This is interesting to me, because Ruby has Sinatra (and others) that compare
well to Express/Koa. Python has Flask which is very popular, as well as a
number of fantastic alternatives. These ecosystems have very mature, well
designed, small web frameworks, but still people choose the larger frameworks
in these ecosystems, and all of the frameworks get good maintenance.

I wonder if it's a cultural thing in the JS ecosystem. Maybe the ease of
publishing a package creates a race to the bottom in terms of package scope,
which makes it so difficult to sustain larger more all-encompassing packages.

I've worked with Ruby+Rails/Sinatra/Cuba, Python+Flask/Django/Bottle/Sanic,
and Node+Express, and when I was in the Node ecosystem I sometimes really
wanted that Rails/Django equivalent – not always, but the lack of it would
cause me to avoid Node for large backend projects.

------
sellingwebsite
My comment on one of the previous discussions:

I don't want to start a flame war here, but I think Rails (and gem ecosystem
in general) is a better choice than Django, at least for SaaS apps.

These are all my personal opinions, take it with a grain of salt. Having said
that, here we go:

* Authentication - it is a pain if you'd like to deviate from the standard Django User model (using username to login instead of an email). I don't like Devise either.

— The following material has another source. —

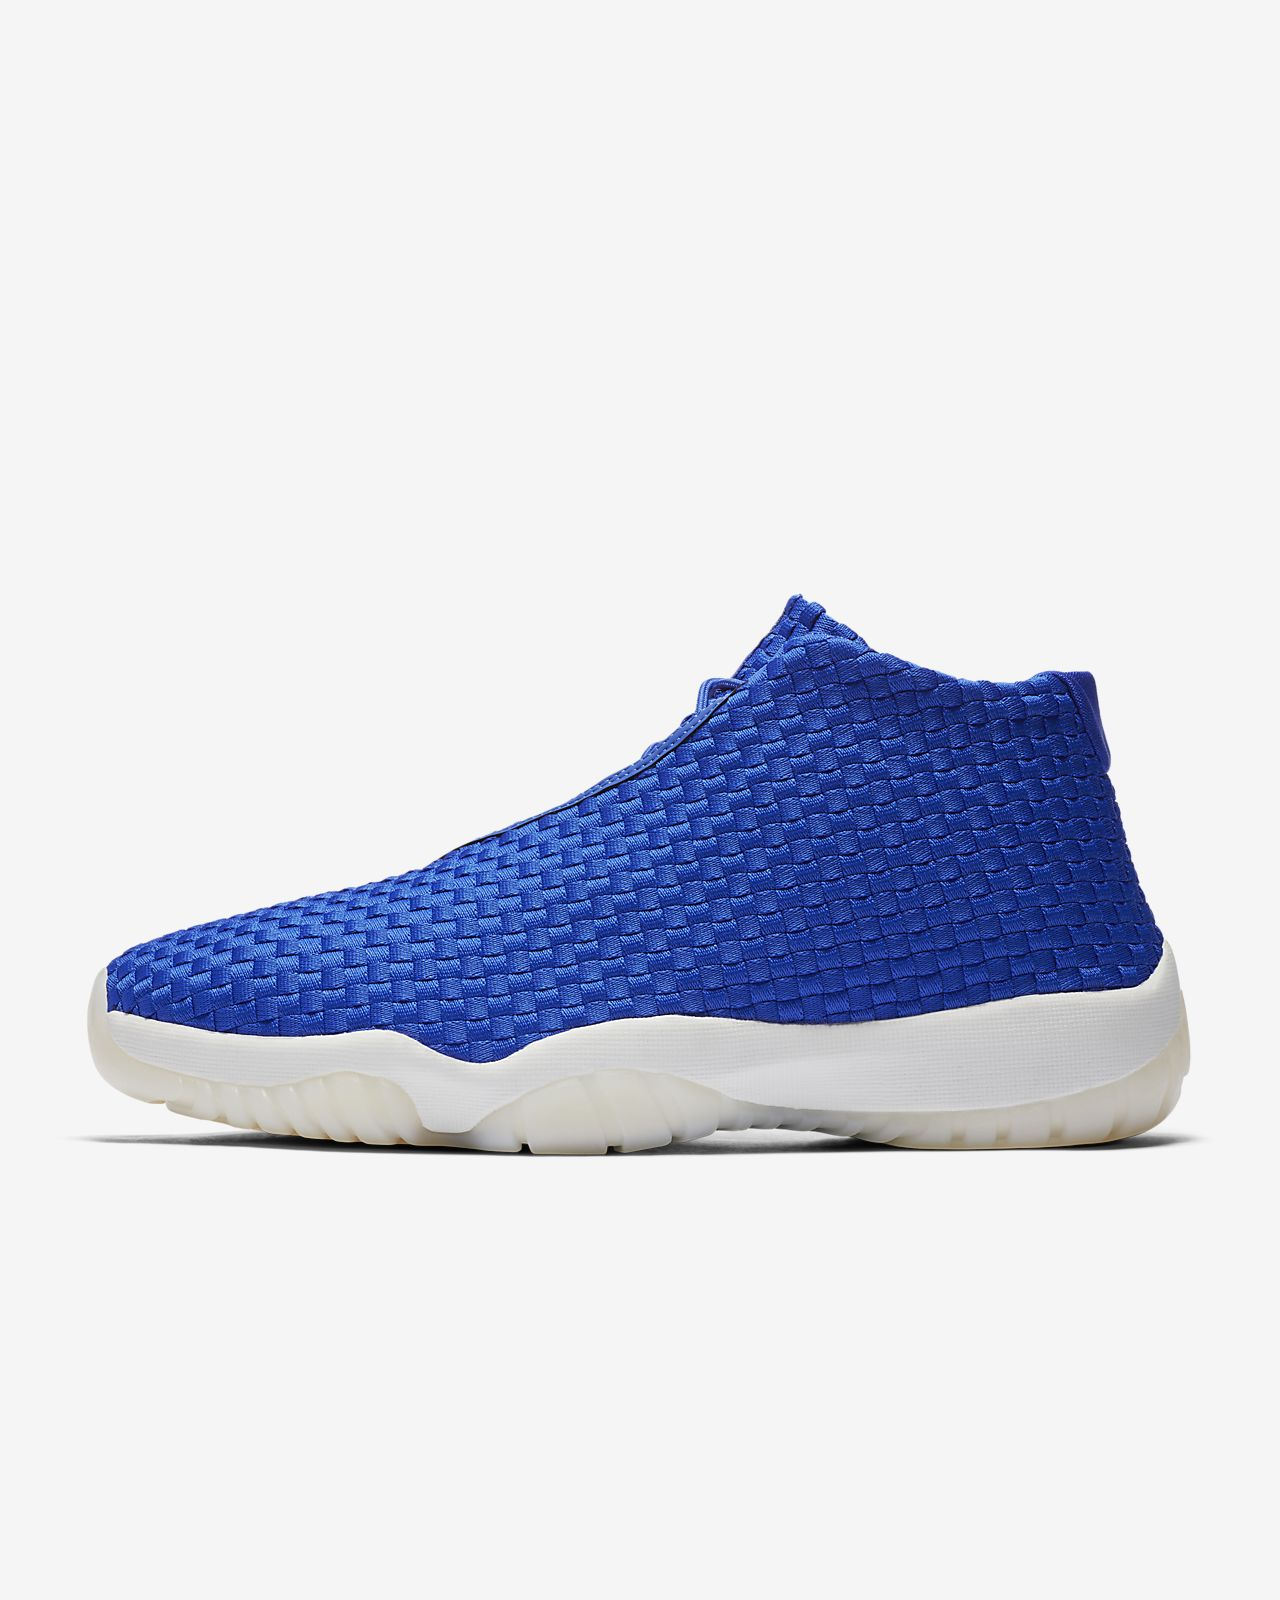 Chaussure Air Jordan Future pour Homme

* Asset pipeline, even though it is not updated anymore (sprockets) and partially replaced by the webpacker, is still better in Rails

* Configuration spread across multiple files, by environment, instead of a single config.py file

* Sidekiq has a better API compared to Celery. Also, Celery's default broker is RabbitMQ, not Redis. It is really hard to find managed RabbitMQ hosting, for Redis there are plenty

* Mailer previews, small but quite useful utility

* Better security by default: Rails comes pre-configured with a bunch of security headers[0].

* Testing - Minitest and Capybara is just a joy to work with.

* I prefer ActiveRecord over Django ORM

* Rails isn't afraid to deprecate _things_ and move forward. This isn't the case with Django, which is big on backwards compatibility. I don't like it, since it puts into a disadvantage folks who are starting new projects. Different strokes for different folks, I suppose

I could go on and on, but I remember struggling a lot with Django/Celery when
building a SaaS app. I decided to switch to Rails and haven't looked back
(Rails has its warts as well). YMMV

[0] [https://guides.rubyonrails.org/security.html#default-
headers](https://guides.rubyonrails.org/security.html#default-headers)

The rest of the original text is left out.